El Síndrome de Hiperestimulación Ovárica en el camino a la maternidad

Los ciclos de reproducción asistida en los que se produce un cuadro de Hiperestimulación Ovárica Contralada, ésta suele ser leve y sin repercusión sobre la paciente.

Hiperestimulacion ovaricaLa finalidad de los ciclos de reproducción asistida, mediante la fertilización in vitro, es incrementar el número de ovocitos (óvulos) a recuperar, mediante una hiperestimulación ovárica controlada con la administración de medicación subcutánea (gonadotrofinas) y, de esta forma, aumentar las posibilidades de embarazo al disponer, habitualmente, de un mayor número de embriones y poder seleccionar el mejor para su transferencia posterior al útero materno.

Los tratamientos actuales de hiperestimulación ovárica controlada pueden emplear una medicación para inducción (provocación) de la ovulación, que es la hcG (Gonadotrofina coriónica humana). Dicha hcG, en determinadas situaciones (pacientes jóvenes, delgadas y ovarios con un elevado número de folículos), es la desencadenante del Síndrome de Hiperestimulación Ovárica (SHO), no existiendo una causa conocida del mismo en el momento actual.

Cuando el SHO es precoz, está mediado por la hcG exógena (administrada con la medicación para inducir la ovulación), mientras que los casos en los que es tardío (posterior a los 10 días desde la administración de la hcG), es debido a la hcG endógena (producida durante la gestación).

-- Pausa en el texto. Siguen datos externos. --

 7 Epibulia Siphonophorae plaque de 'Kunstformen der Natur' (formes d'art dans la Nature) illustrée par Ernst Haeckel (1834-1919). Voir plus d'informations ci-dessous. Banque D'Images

Las manifestaciones clínico-analíticas del Síndrome de Hiperestimulación Ovárica aparecen de forma gradual y, en ausencia de gestación, van disminuyendo a partir de 48-72 horas, con una remisión importante con la vuelta de la menstruación.

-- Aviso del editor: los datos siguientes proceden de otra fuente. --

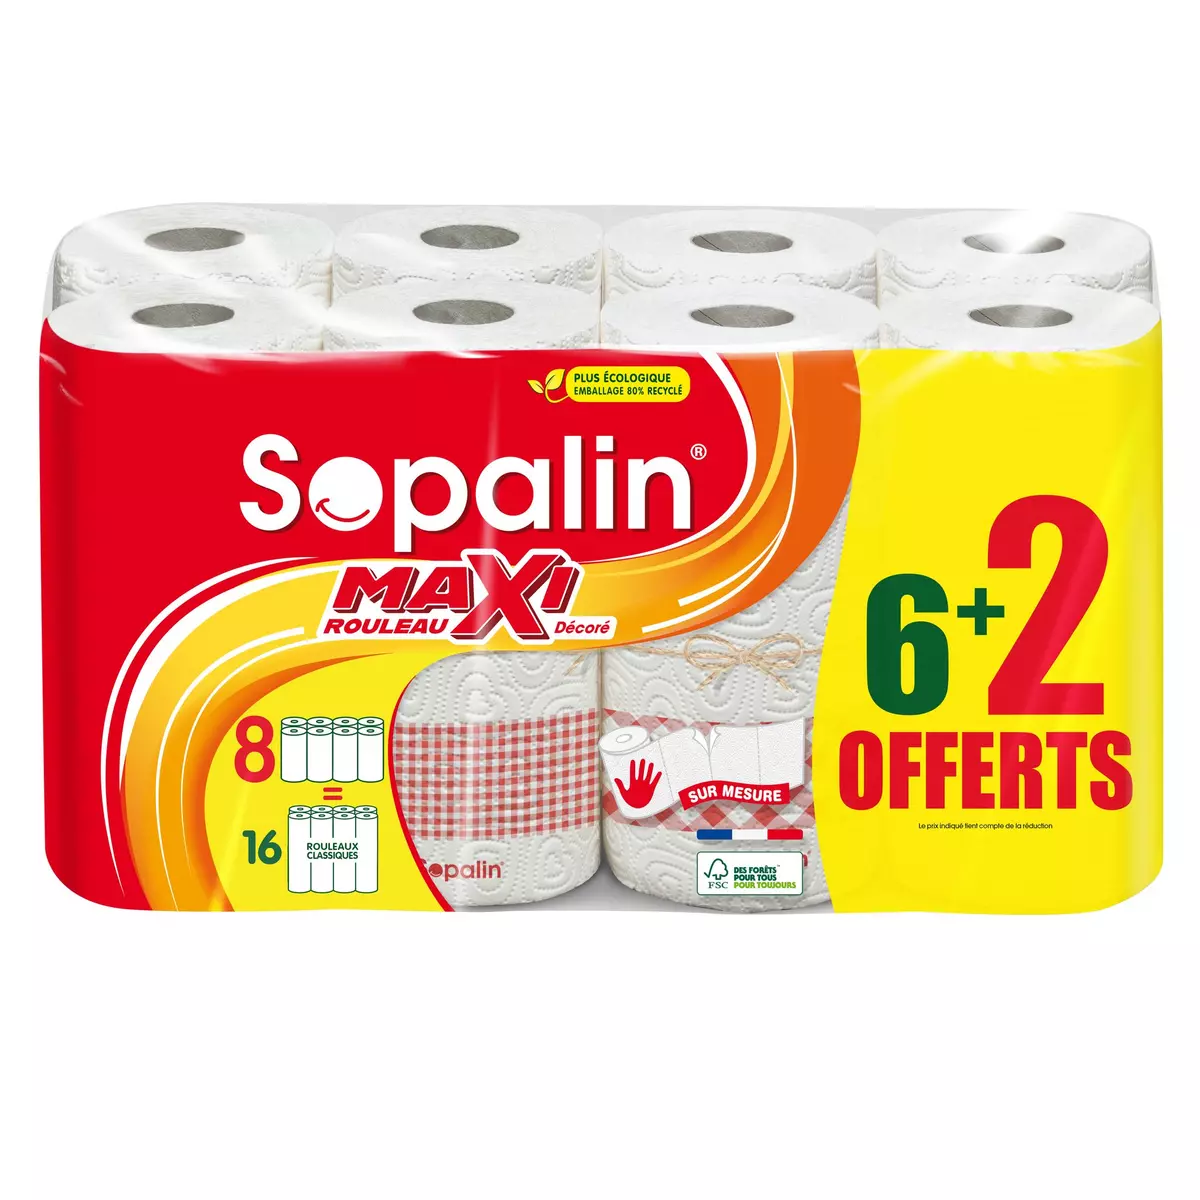 SOPALIN Maxi rouleau essuie tout sur mesure demi feuille décoré 6 rouleaux +2 offerts

La severidad del SHO puede ir desde un cuadro leve hasta uno moderado o severo-crítico. Dicho síndrome puede cursar con aumento del tamaño de los ovarios, distensión (hinchazón) del abdomen, incremento de los leucocitos (células de defensa), aumento de la concentración sanguínea (incremento por tanto del riesgo de trombosis), por salida de líquido de los vasos sanguíneos a los tejidos o con formación de edemas en abdomen y tórax. En los casos más graves pueden darse alteraciones en la función renal y hepática, así como hidroelectrolíticas (sodio, potasio), pudiendo aparecer también un síndrome de distrés respiratorio del adulto (dificultad para respirar).

En la mayoría de los ciclos de reproducción asistida, mediante fertilización in vitro, lo que se produce es un cuadro de hiperestimulación ovárica contralada leve sin repercusión sobre la paciente.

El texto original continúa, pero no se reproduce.